Sofi pun ikut kaget. "Iyakah? Siapa yang tempel?" tanya Sofi.
"Justru Arkian tanya sama Ibu karena Arkian sendiri enggak tahu. Mungkin enggak dari pihak lawan?"
"Sepertinya, Ar. Kita tunggu saja keputusannya. Kamu ambil foto plangnya enggak?"
"Aku foto, Bu. Nanti aku kirim. Mungkin kita bisa balas tuntut untuk itu. Mereka gegabah. Sudah tahu keputusannya belum turun, tapi sudah berani segitunya."
"Ya sudah, nanti Ibu urus. Sekarang yang penting Dikara dulu. Ibu mau langsung pulang."
"Baik."
Sofi tuntun Dikara keluar kantor. Arkian bawakan tas Dikara hingga ke mobil. Ada sopir yang mengantarkan Sofi ke sana. "Pak, tolong antar Ibu sampai rumah dengan selamat," pinta Arkian.
"Baik, Pak Arki."
Setelah itu mobil Sofi meninggalkan parkiran toko Arkian. Pria itu melambai. "Rasanya sedih lihat anak sendiri pergi. Padahal cuman ke rumah Neneknya. Nanti malam juga ketemu," batin Arkian.

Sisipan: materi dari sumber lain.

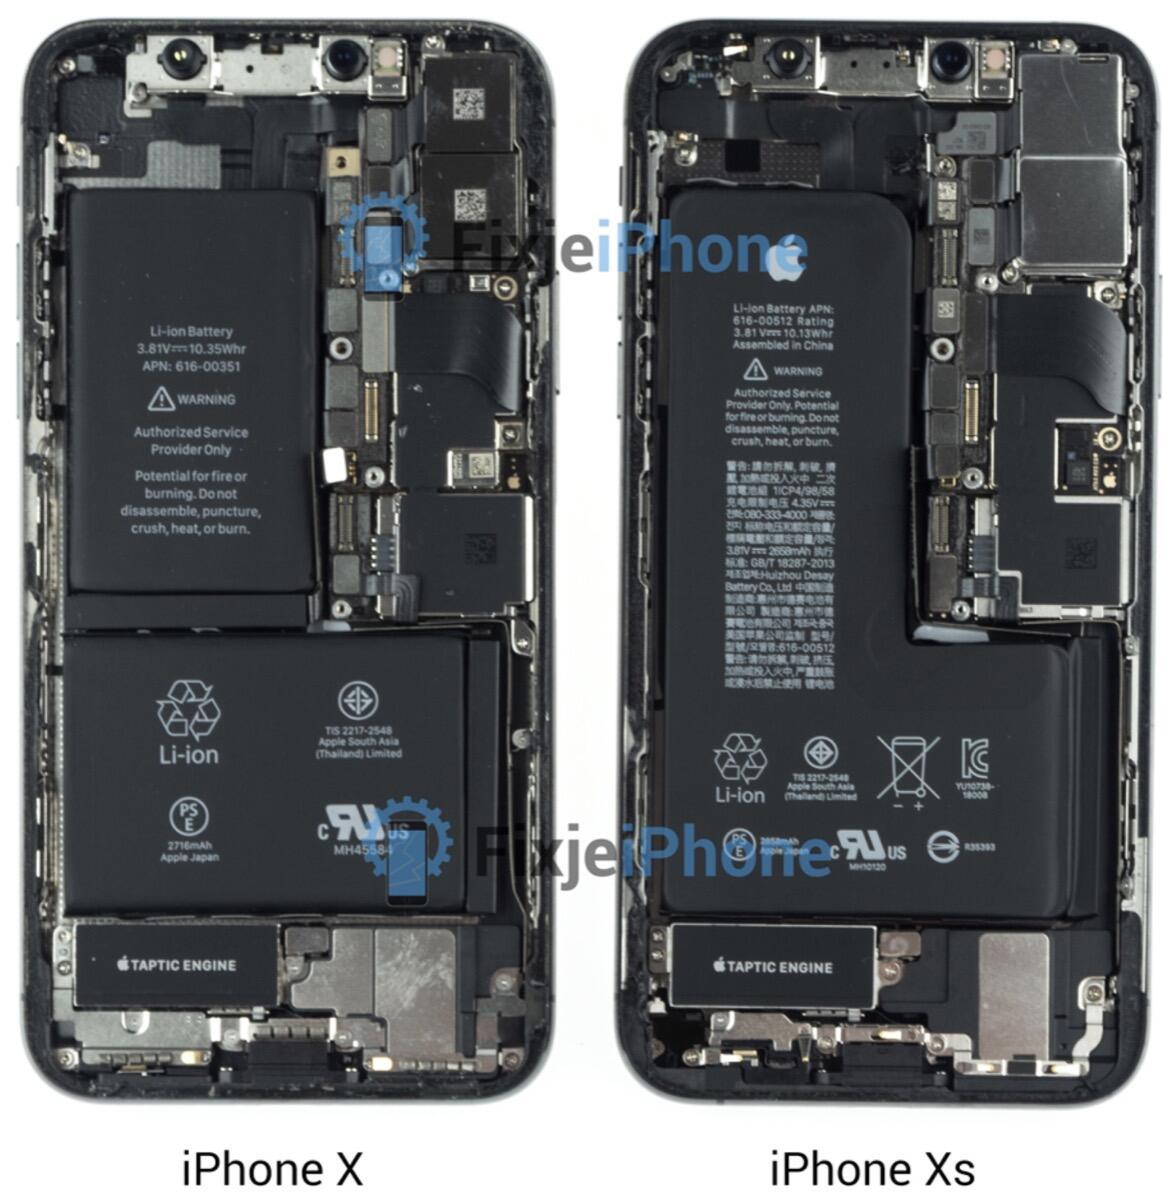 Iphone Xs Teardown Vs

Namun, Sofi tak langsung pergi ke rumah. Mobilnya berbelok ke arah rumah Arkian. Perjalanan yang cukup panjang hingga tiba di rumah itu.
"Duduk, Nyonya." Bi Nah mengantarkan Sofi ke ruang tamu.
Sofi duduk di ruangan itu. Dia masih merasa sedih setiap kali datang ke sana. Dia ingat Laras yang selalu menyambut setiap Sofi datang berkunjung. "Bi Nah. Tolong pakaian Dikara dikemas. Dia mau tinggal beberapa hari di rumah. Setidaknya sampai Arkian mastiin punya calon istri.
"Jadi Nyonya?" tanya Bi Nah. Tentu perempuan itu pun sudah tahu rencana Sofi dan lainnya.
"Jadi. Mau gimana lagi? Kalau enggak gitu dia mana mau cepat nikah. Dikara sebentar lagi sekolah, Arkian akan lebih sibuk urus Dikara kalau sendirian."
"Mudah-mudahan semuanya berhasil, Nyonya. Bukannya tega, memang ini yang terbaik," timpal Bi Nah.
Perempuan itu lekas pergi ke kamar Dikara dan mengemasi pakaian anak itu. Sedang Sofi masih ada di ruang tamu. Dikara berjalan-jalan mengelilingi sofa.
"Nenek! Nanti kalau Dika enggak mau ke Papa, Dika dikasih Mama baru?" tanya Dikara kembali memastikan.
"Iya, makanya Dika harus betah di rumah Nenek. 'Kan nanti Tante Raya datang ke sana," nasihat Sofi.
"Iya, Dika anak baik. Dika enggak manja. Nanti punya Mama baru!" seru anak itu.
Tak lama Bi Nah turun. Wanita itu membawa tas berisi pakaian Dikara dan keperluan lainnya. "Nyonya, kalau ada yang kurang telpon saja. Nanti biar saya antar ke rumah sana."
"Makasih banyak, Bi Nah."
Barulah Sofi pamitan untuk pulang. Sampai di mobil, Dikara duduk di kursi belakang dengan Sofi. Anak itu melambaikan tangan ke arah Bi Nah. "Dadah, Bi Nah! Dika mau nginep. Nanti Dika pulang!" pamit anak itu di jendela mobil.
"Iya, hati-hati Tuan Dika!" balas Bi Nah turut mengulurkan tangan. Jendela mobil Sofi menutup dan Dika langsung duduk. Kaki anak itu di luruskan ke depan dan naik turun tak karuan.
"Dika senang?" tanya Sofi.
"Senang banget! Ateu Raya mau nginep! Senang!" jawab Dikara.